[RECORDED DATA — start]

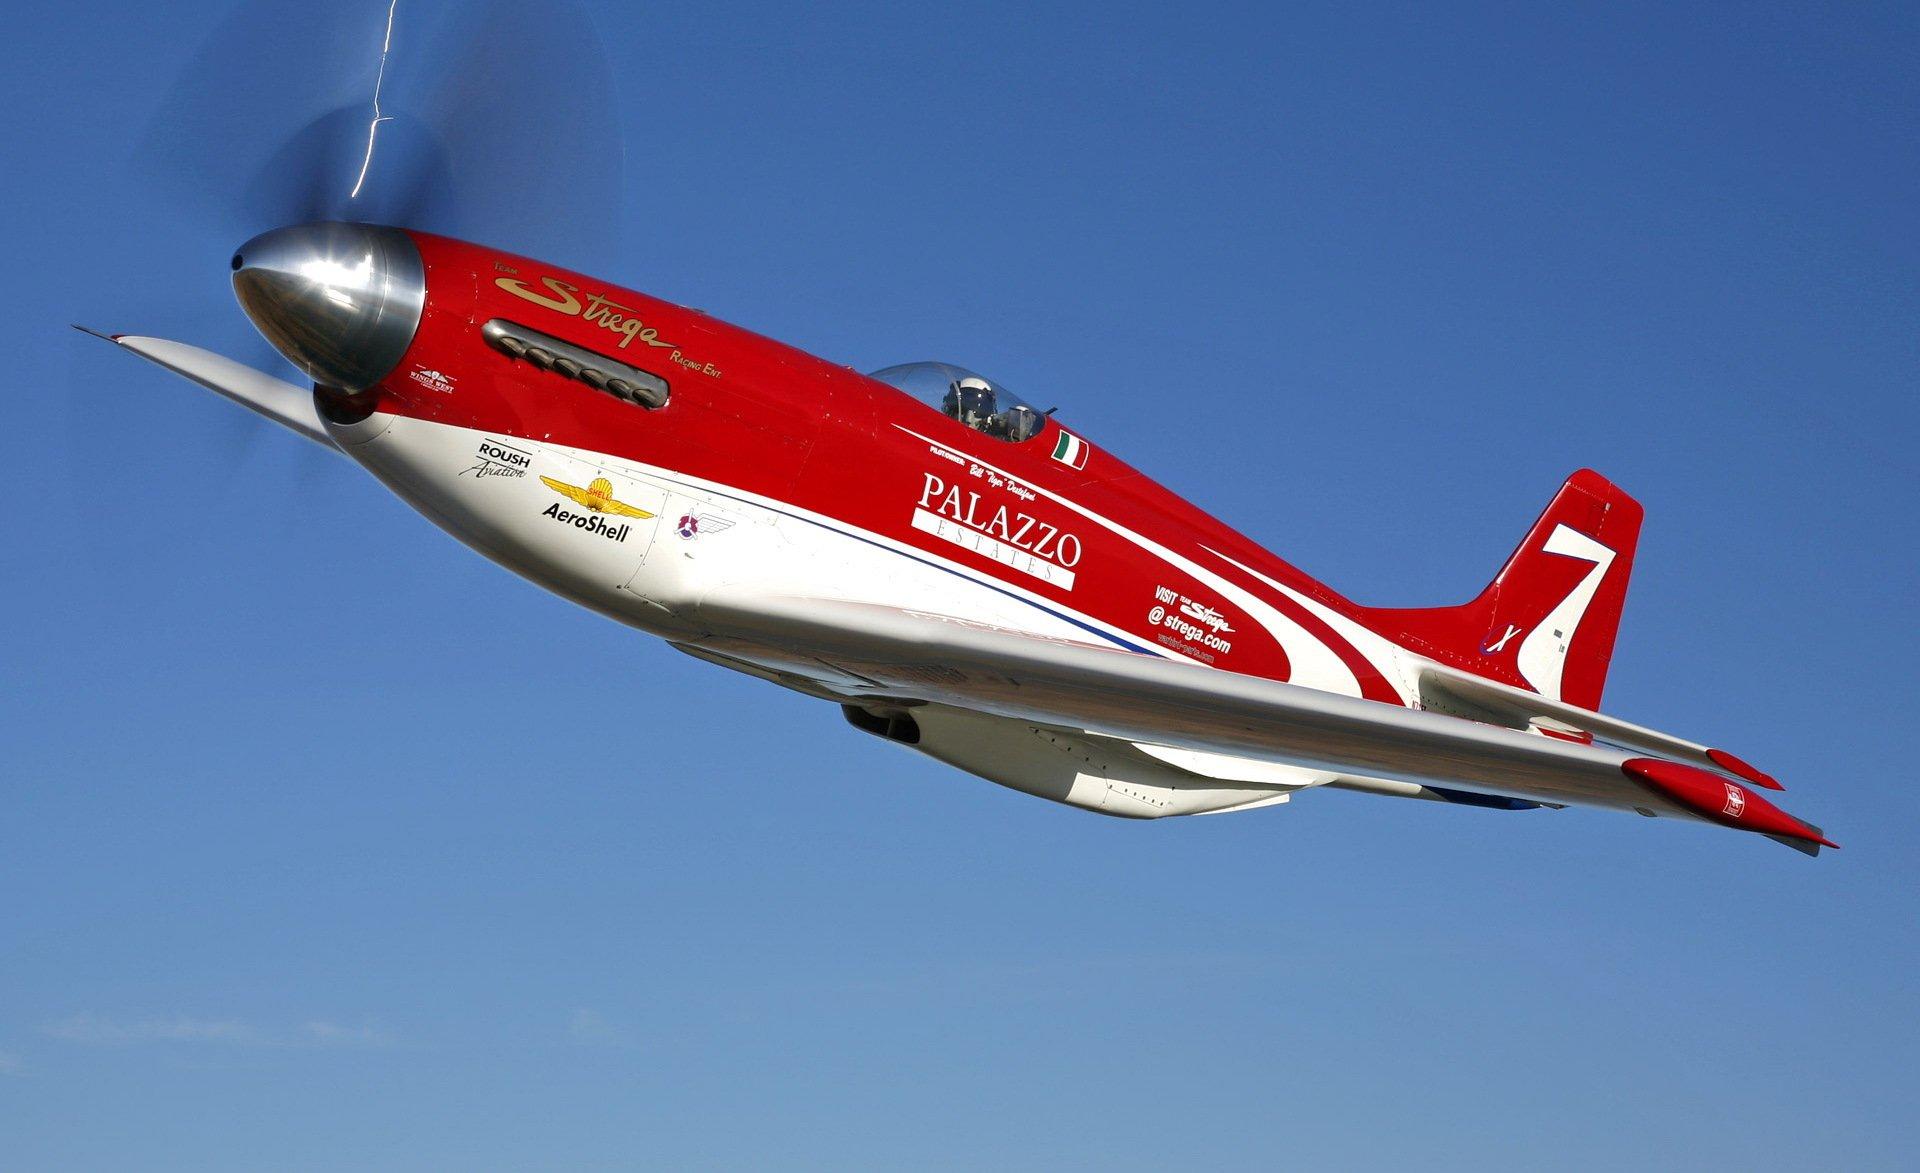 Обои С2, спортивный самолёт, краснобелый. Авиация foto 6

[RECORDED DATA — finish]
[RECORDED DATA — start]

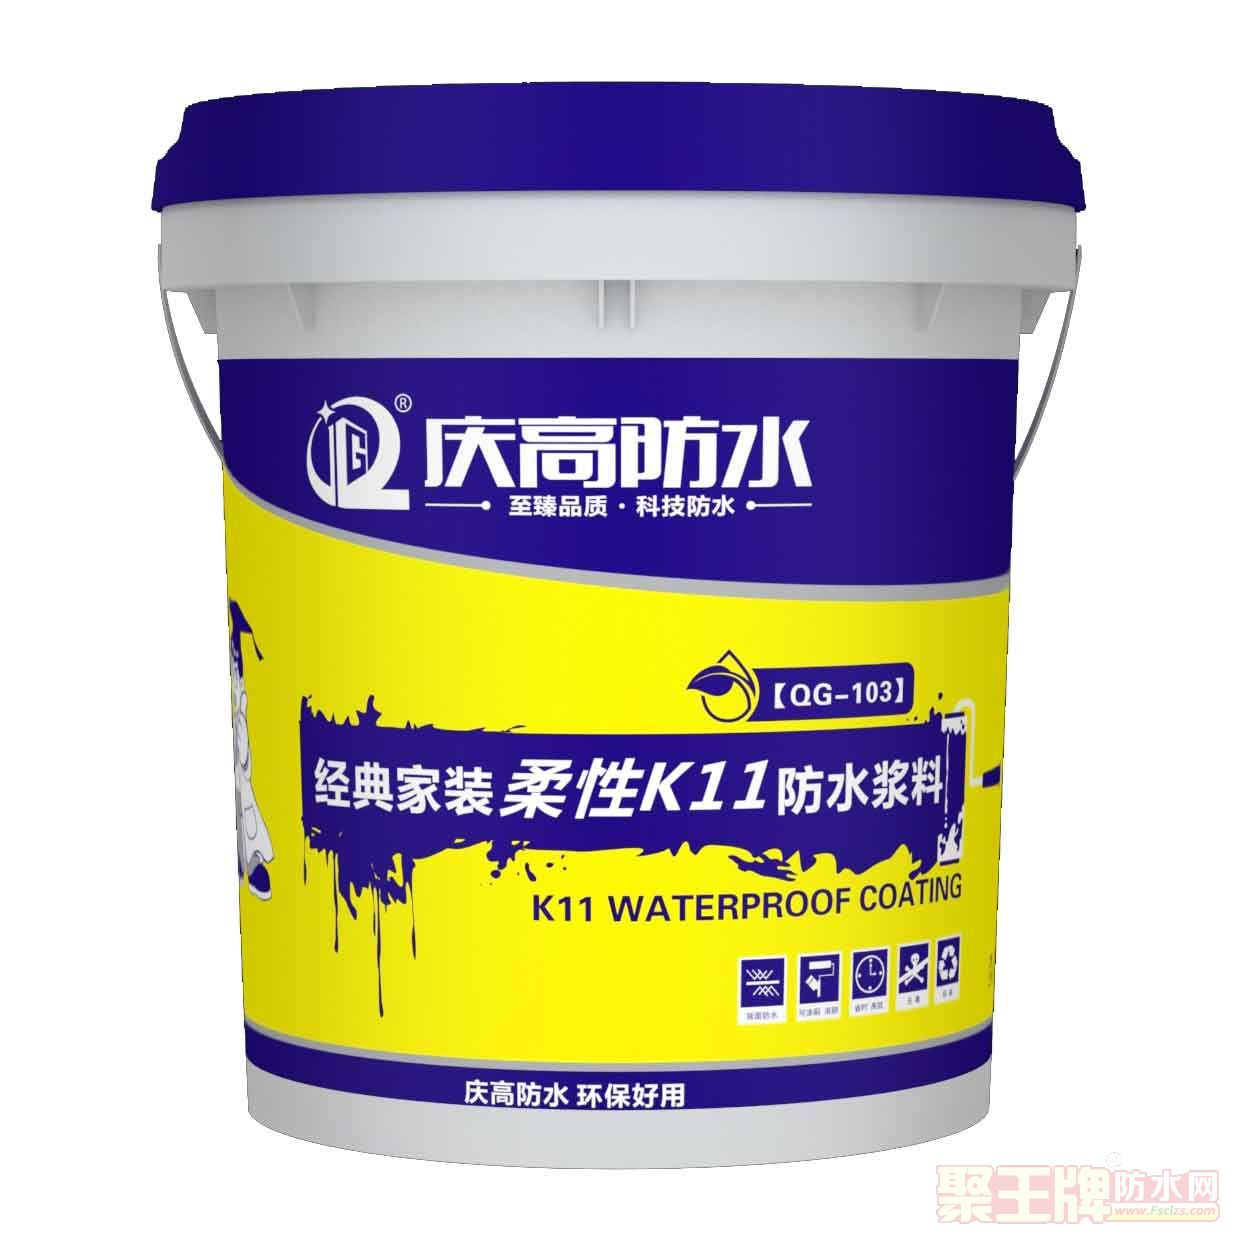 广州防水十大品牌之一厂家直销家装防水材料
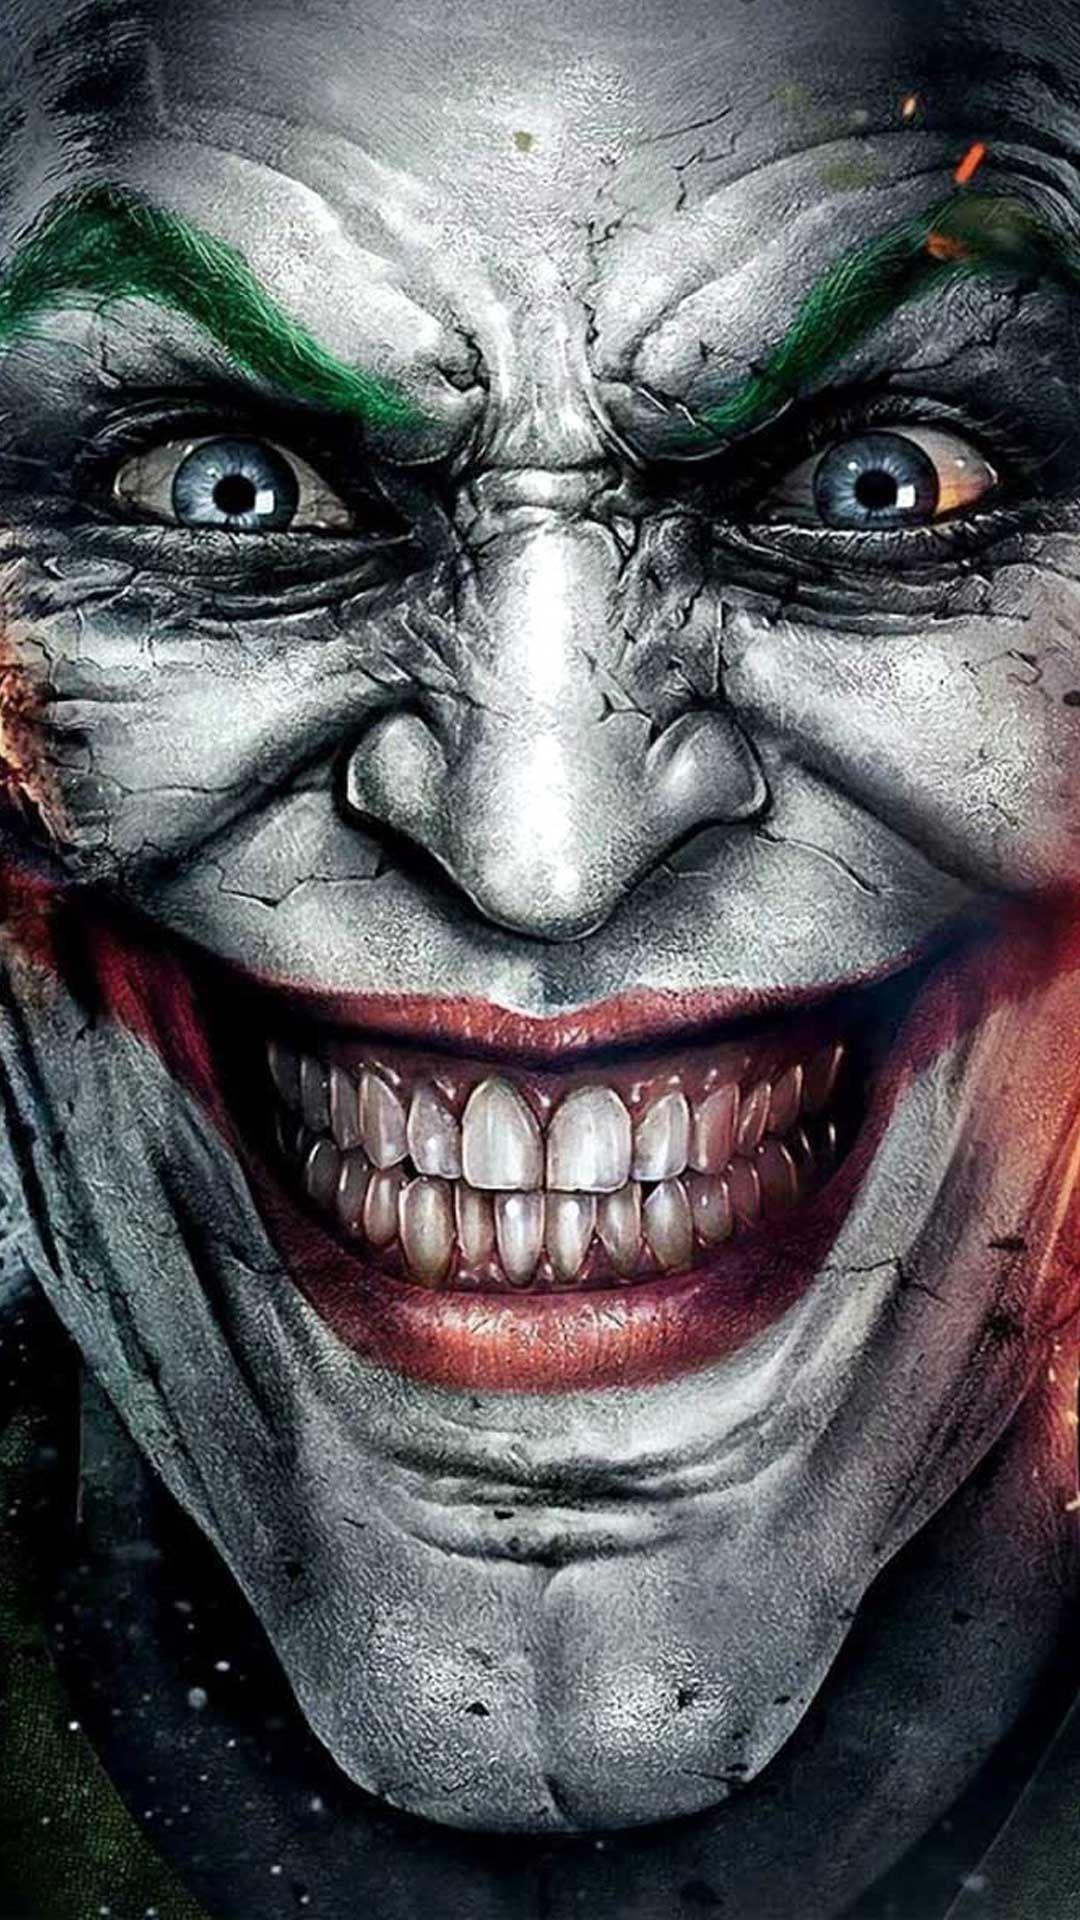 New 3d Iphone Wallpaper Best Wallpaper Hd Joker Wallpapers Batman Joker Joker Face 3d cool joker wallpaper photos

[RECORDED DATA — finish]
[RECORDED DATA — start]

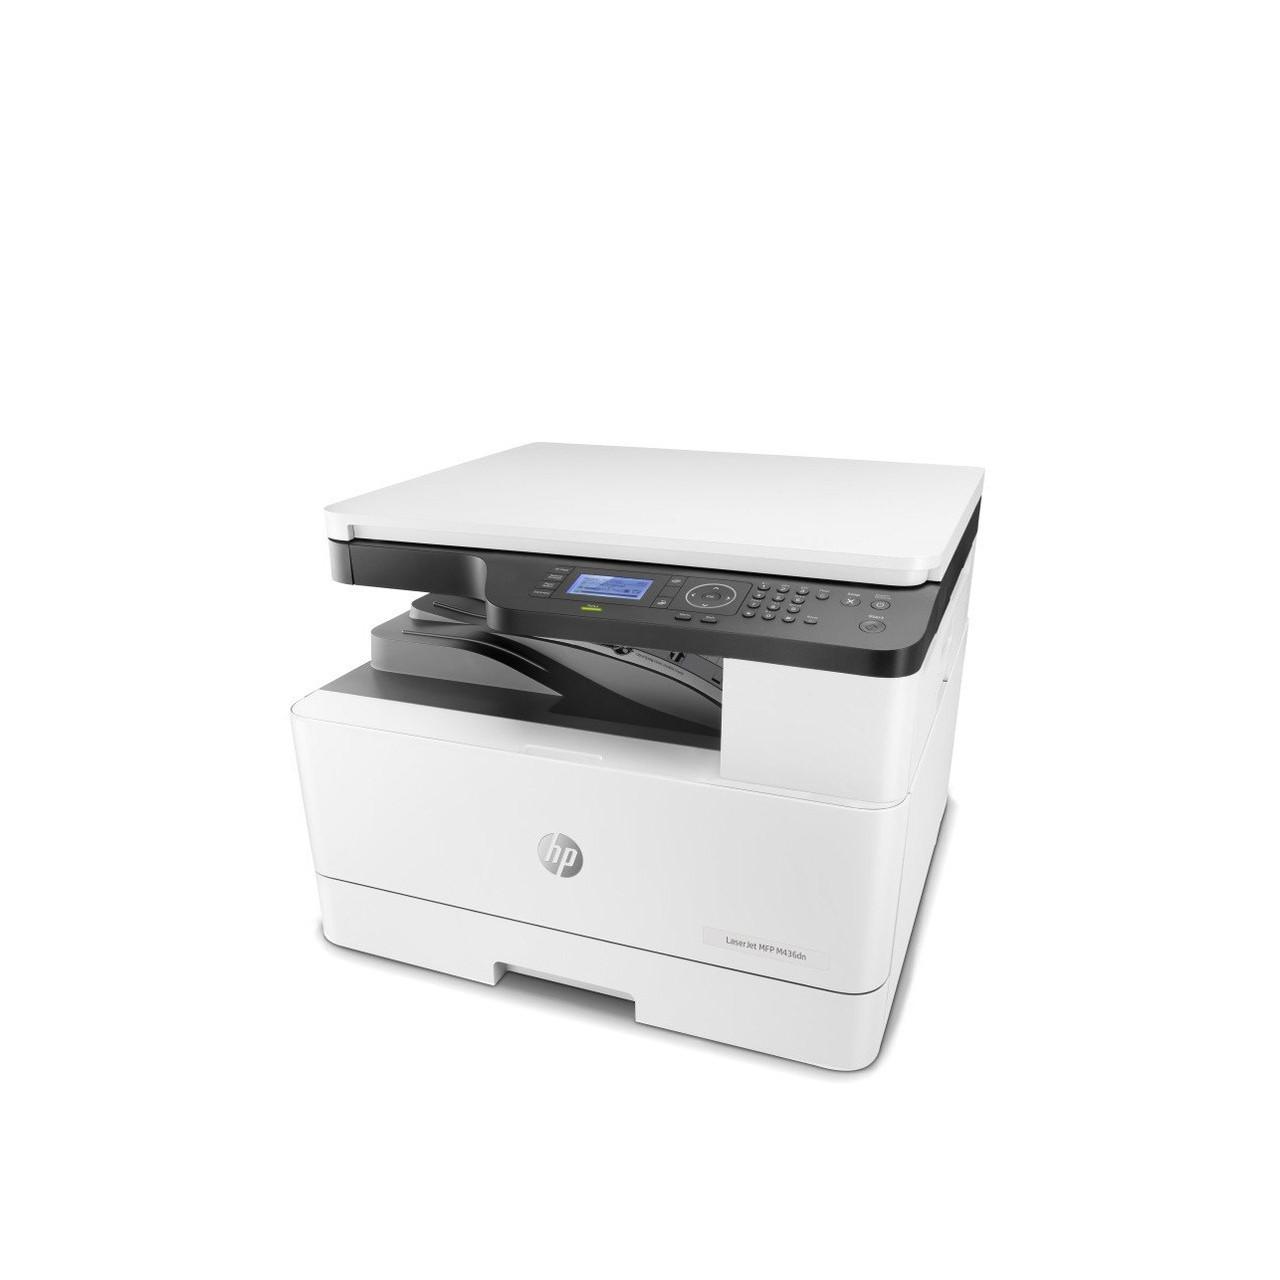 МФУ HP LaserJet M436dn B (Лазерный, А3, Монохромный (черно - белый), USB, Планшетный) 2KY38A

[RECORDED DATA — finish]

PROBLEM – In the entries above, every line from the line with "广州防水十大品牌之一厂家直销家装防水材料" to the line with "New 3d Iphone" is to be printed exactly, with both ends included and pictures excluded.

ANSWER TO THE PROBLEM –
 广州防水十大品牌之一厂家直销家装防水材料
 New 3d Iphone Wallpaper Best Wallpaper Hd Joker Wallpapers Batman Joker Joker Face 3d cool joker wallpaper photos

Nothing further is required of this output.